* _SOURCE DATA_
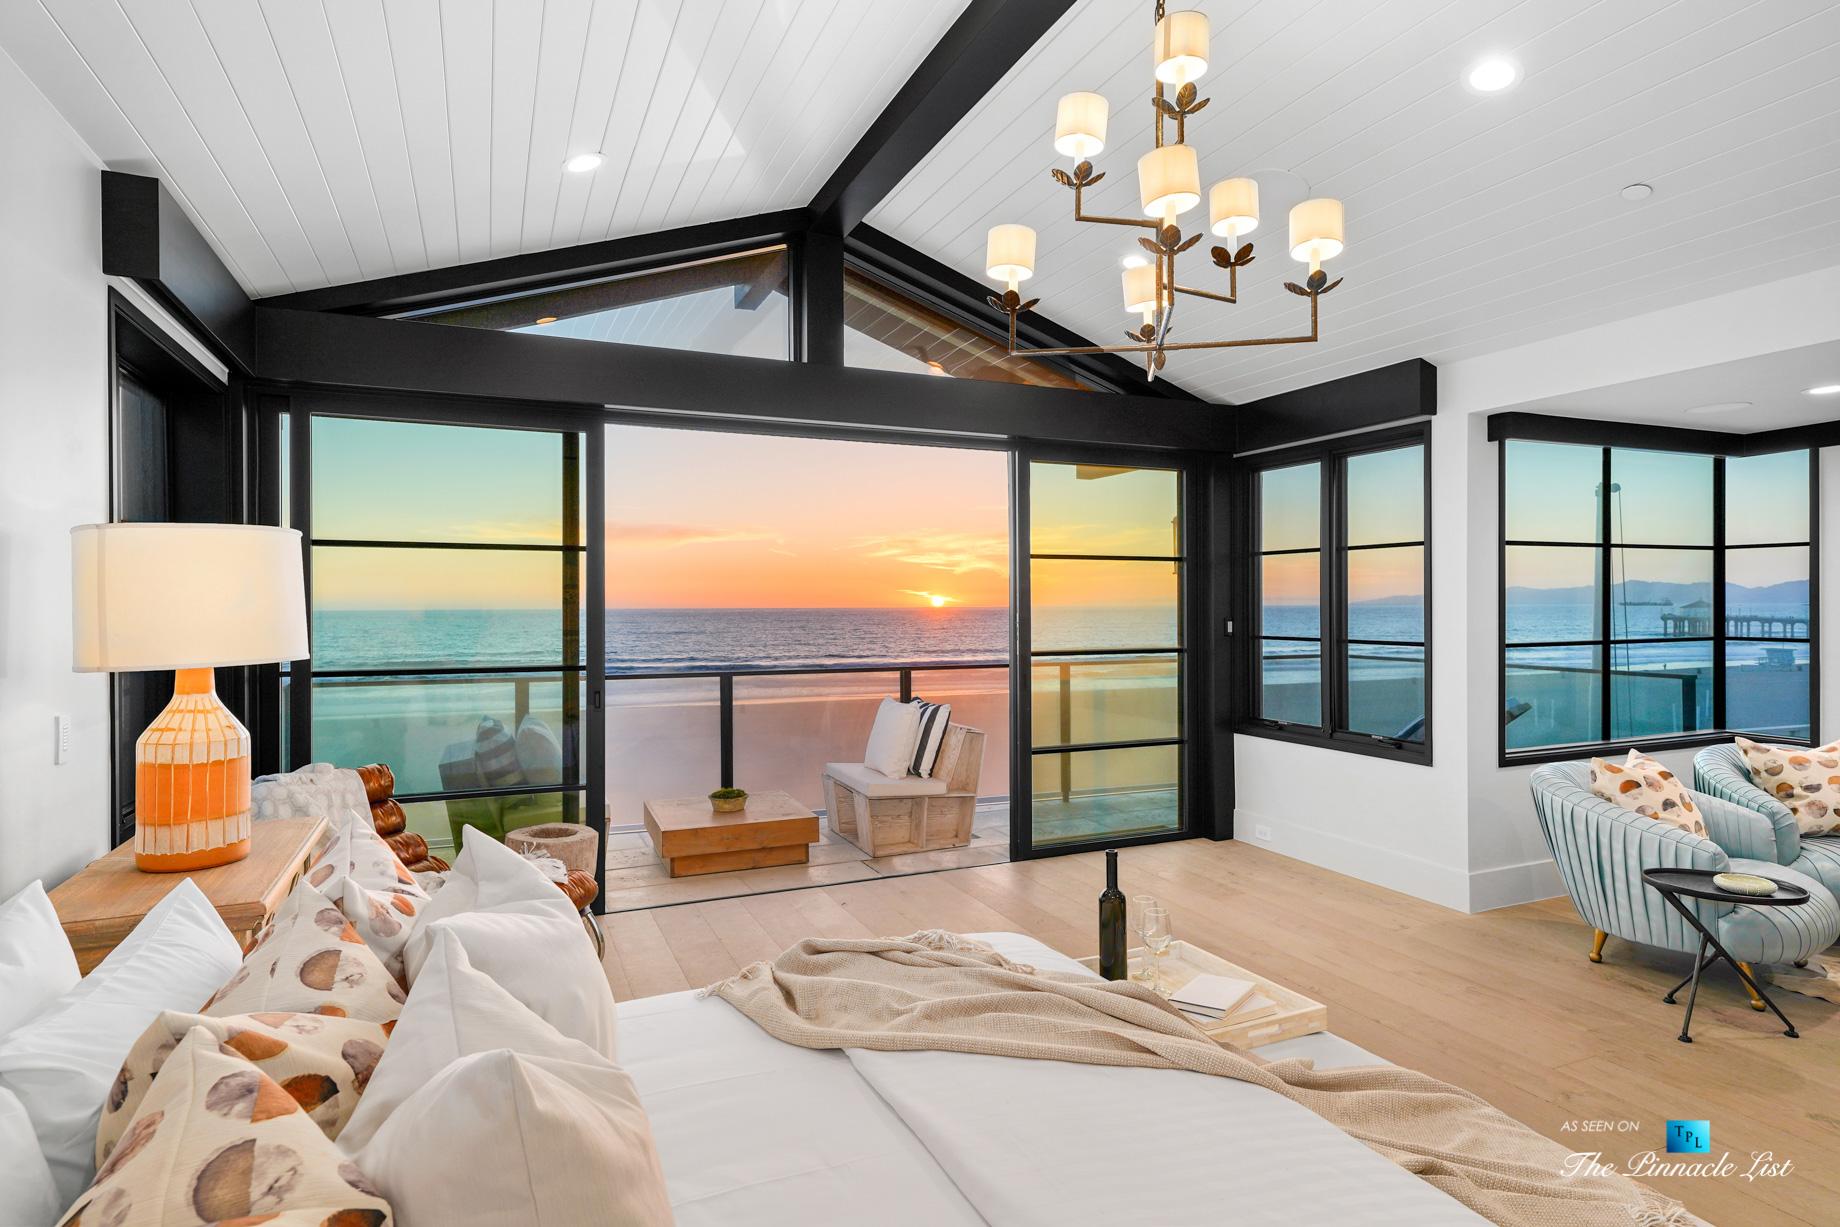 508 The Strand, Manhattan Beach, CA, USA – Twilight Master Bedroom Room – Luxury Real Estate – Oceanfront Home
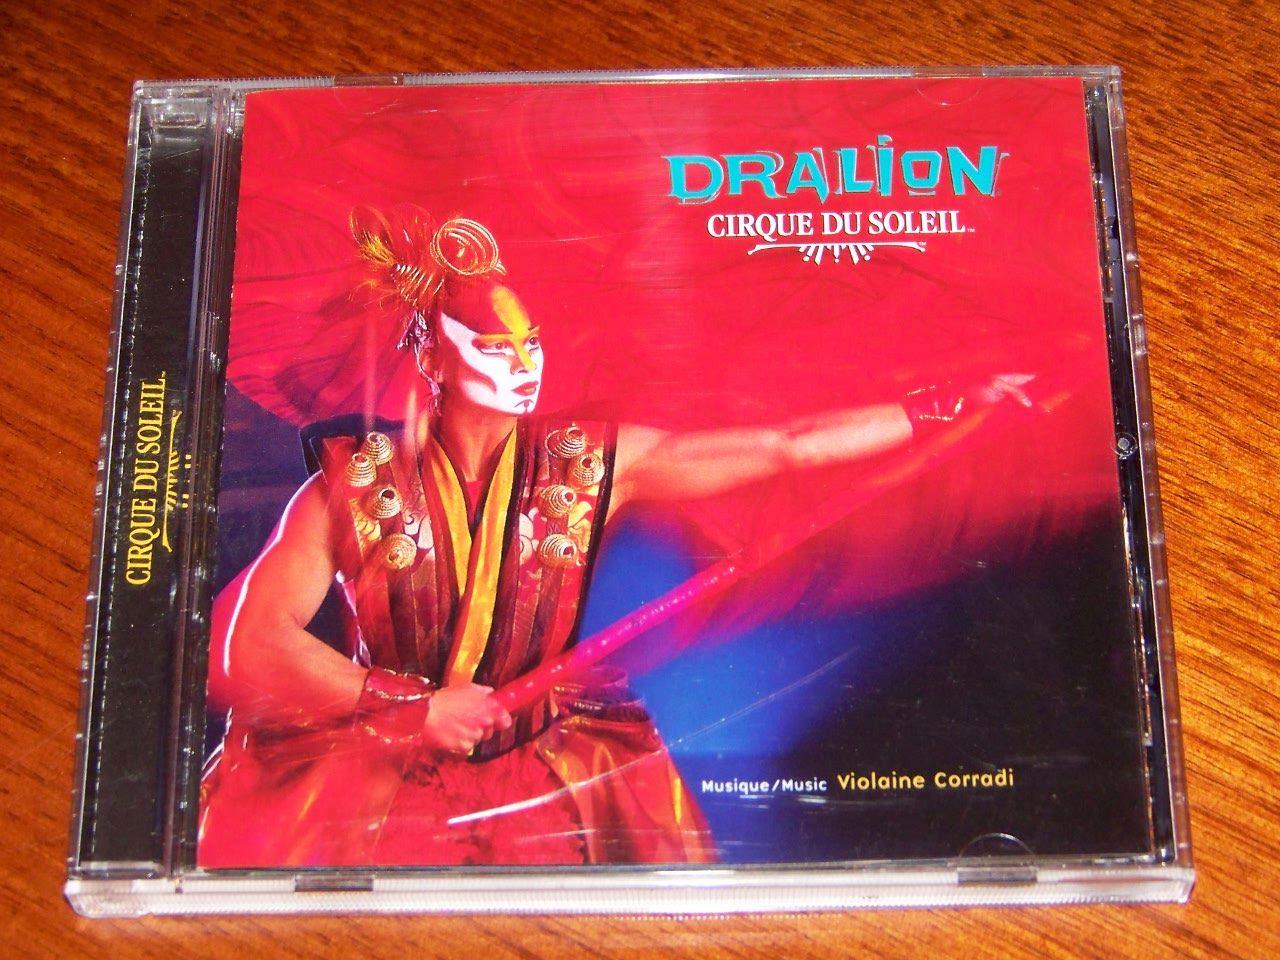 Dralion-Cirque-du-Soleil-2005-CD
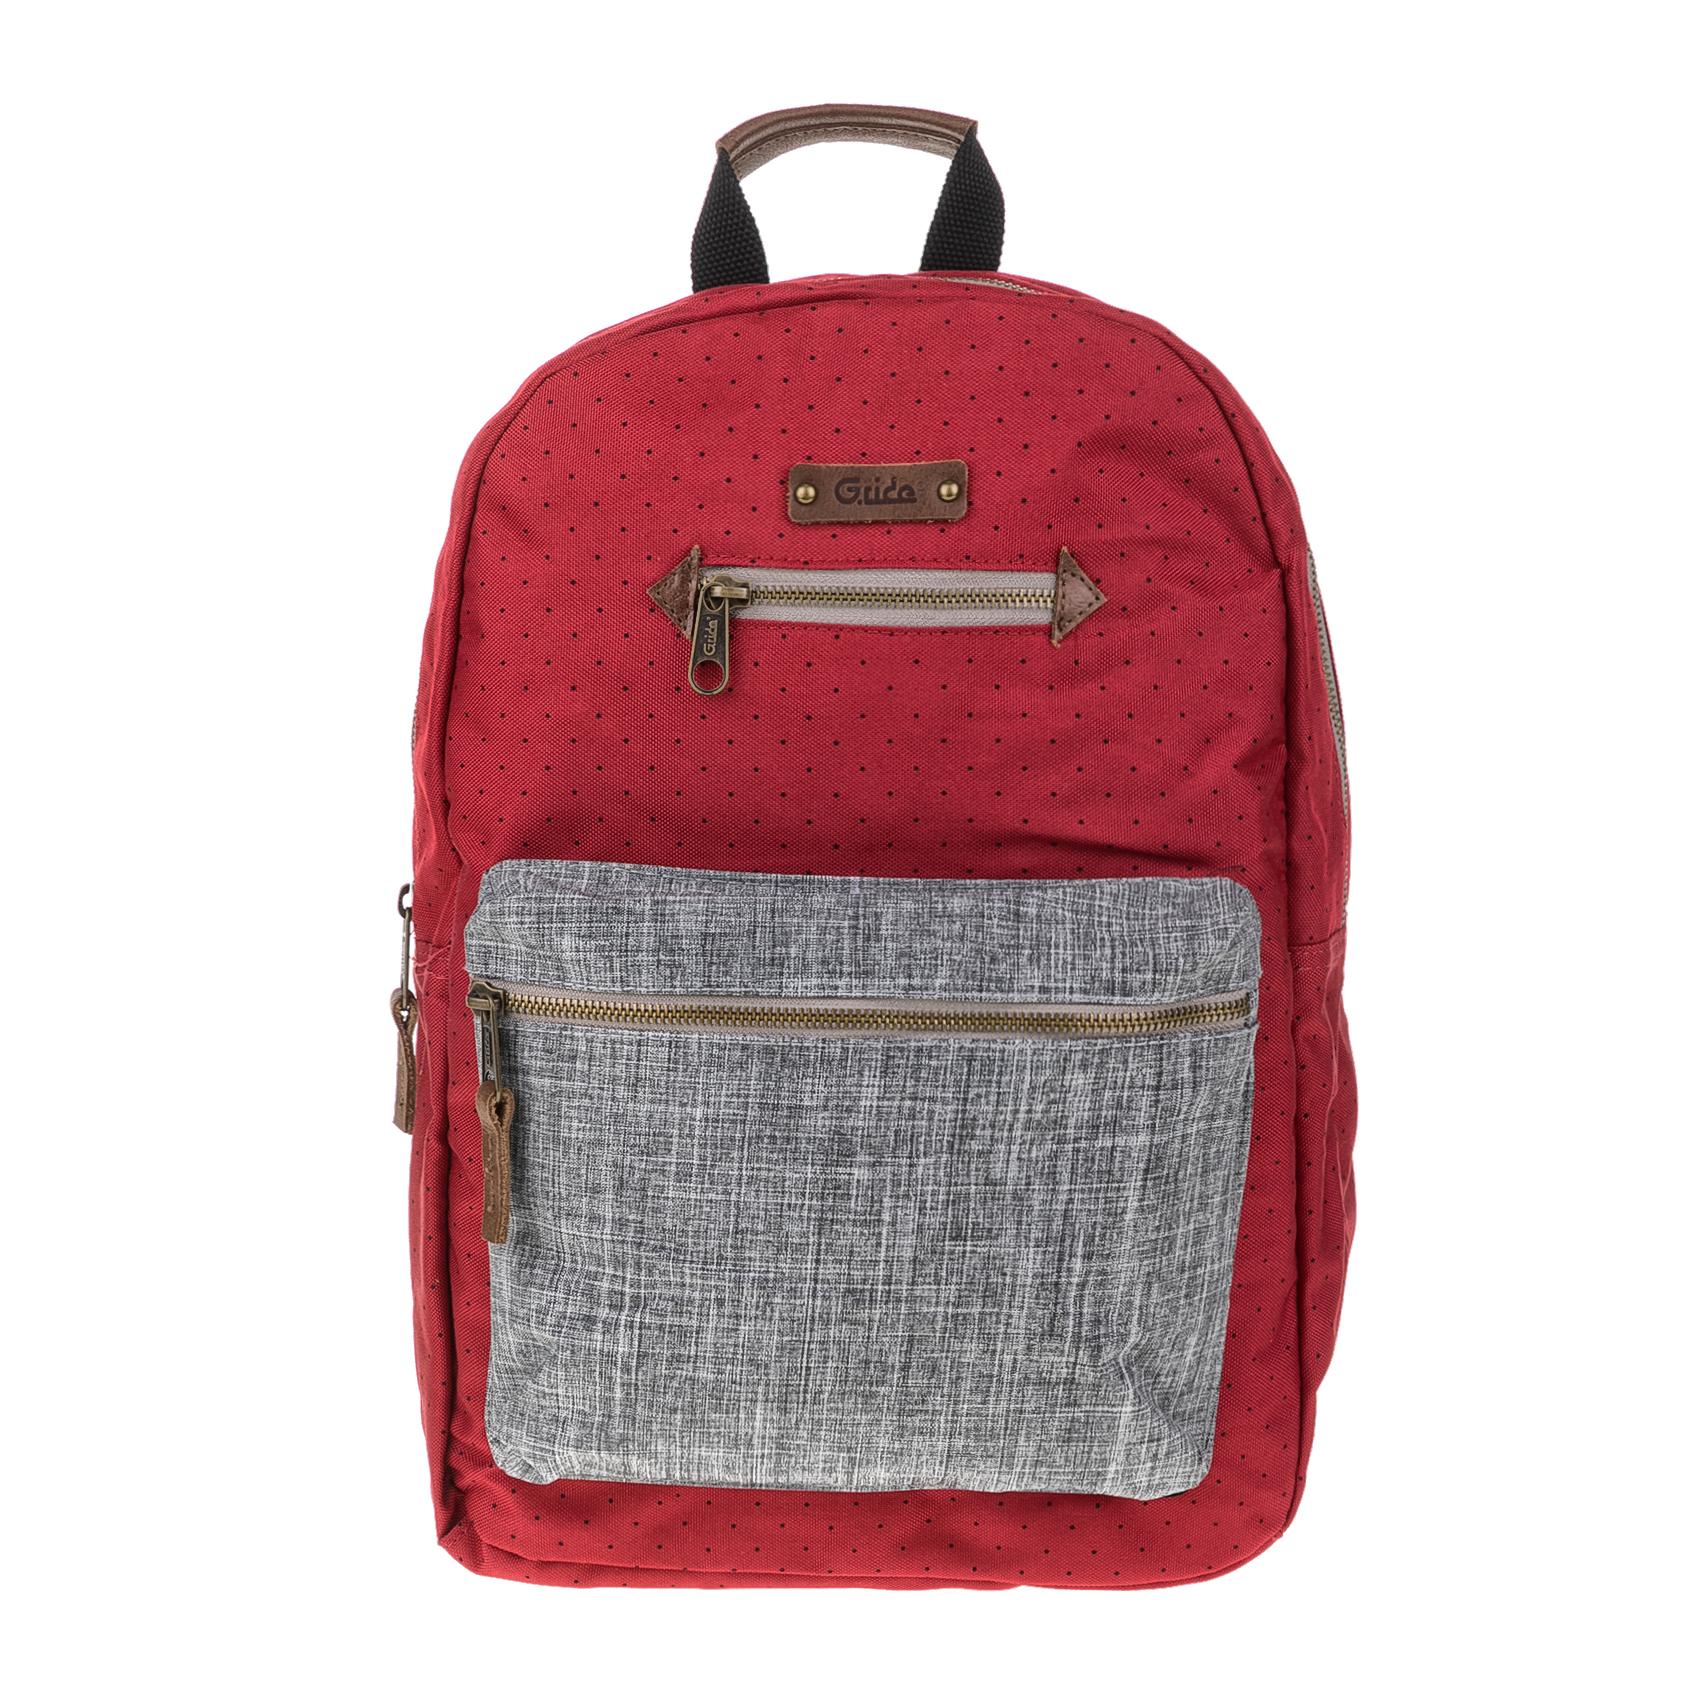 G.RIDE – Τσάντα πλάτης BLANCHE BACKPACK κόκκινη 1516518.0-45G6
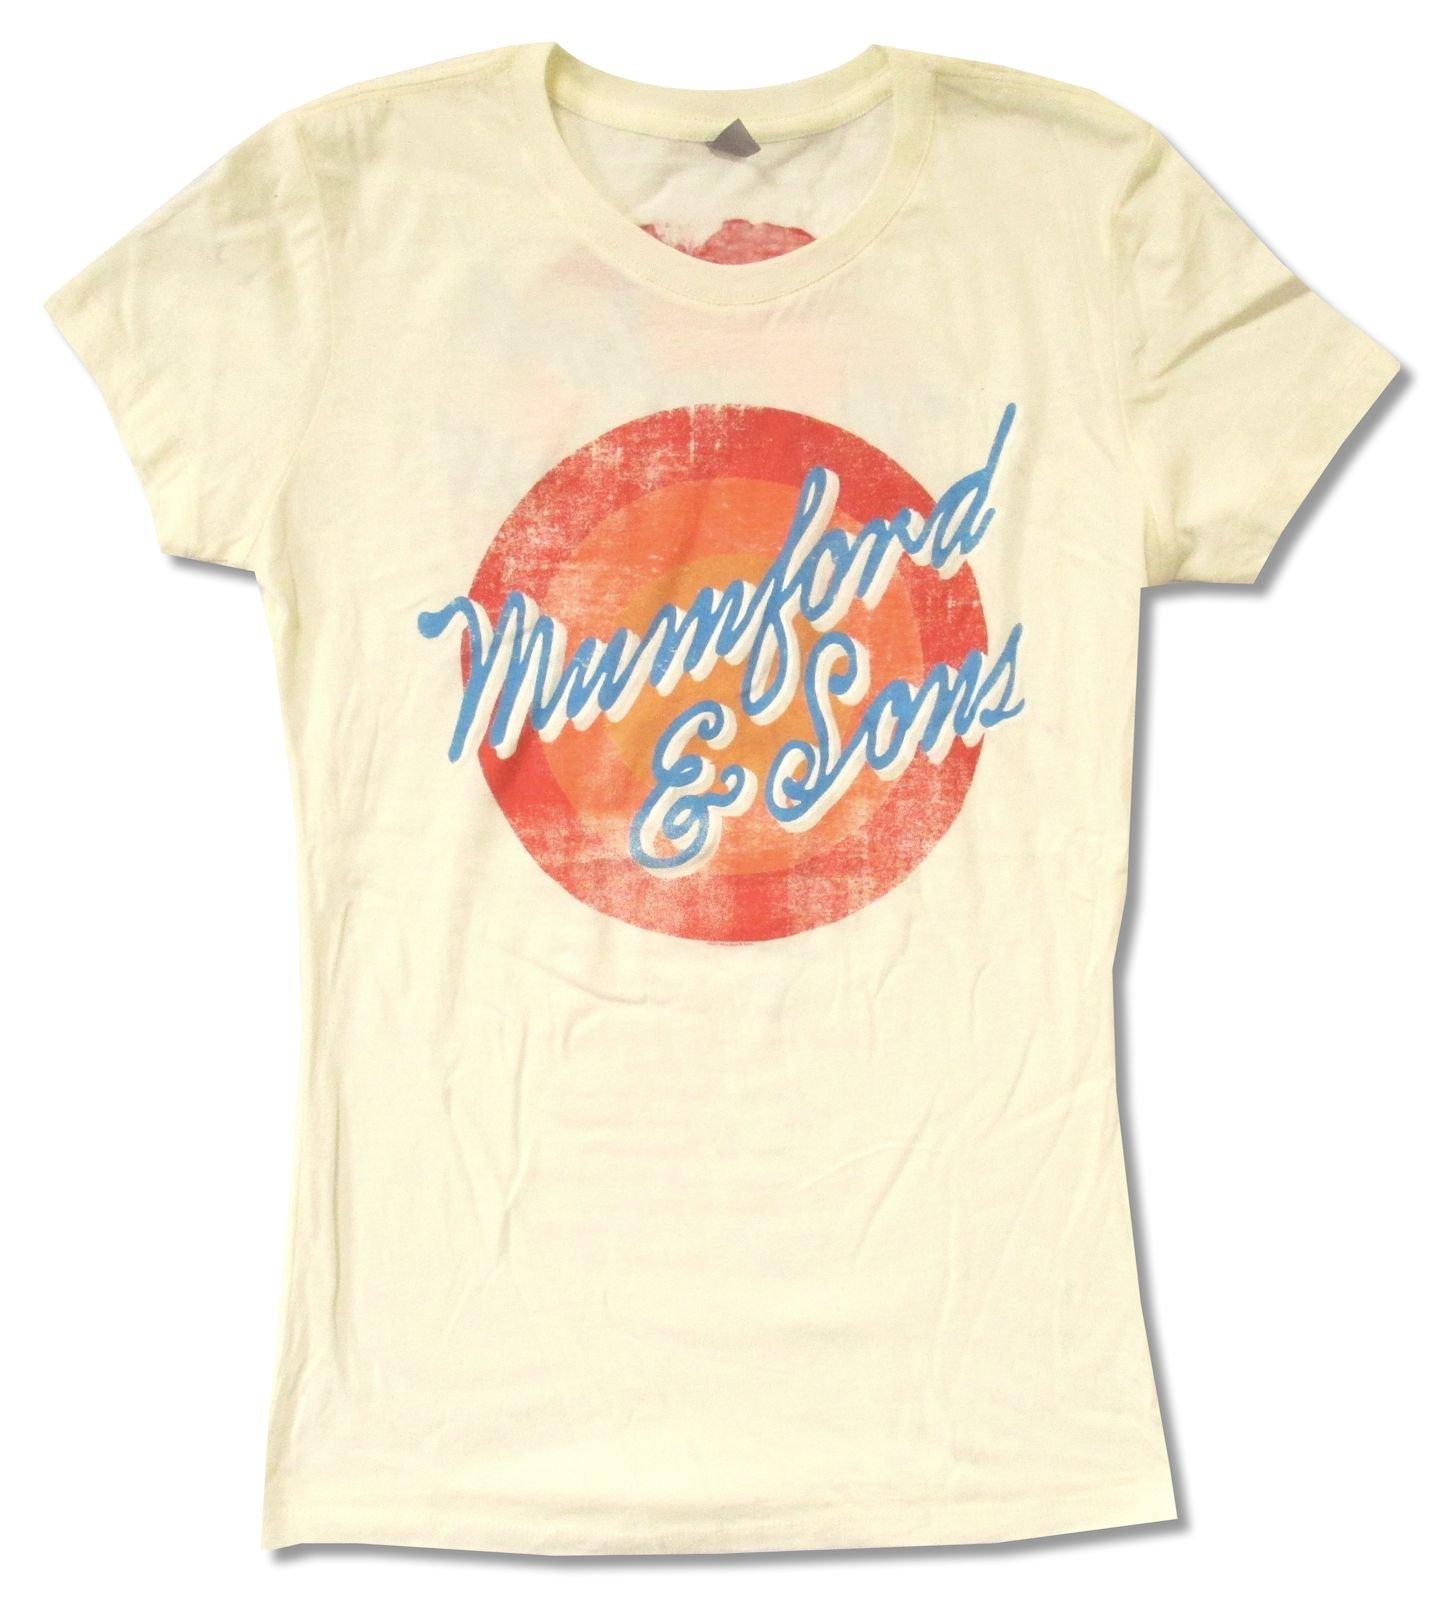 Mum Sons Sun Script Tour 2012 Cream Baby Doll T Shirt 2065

* _TASK BRIEF_
All lines of the listing must be given again exactly, excluding the pictures.

* _WRITTEN REPLY_
 508 The Strand, Manhattan Beach, CA, USA – Twilight Master Bedroom Room – Luxury Real Estate – Oceanfront Home
 Dralion-Cirque-du-Soleil-2005-CD
 G.RIDE – Τσάντα πλάτης BLANCHE BACKPACK κόκκινη 1516518.0-45G6
 Mum Sons Sun Script Tour 2012 Cream Baby Doll T Shirt 2065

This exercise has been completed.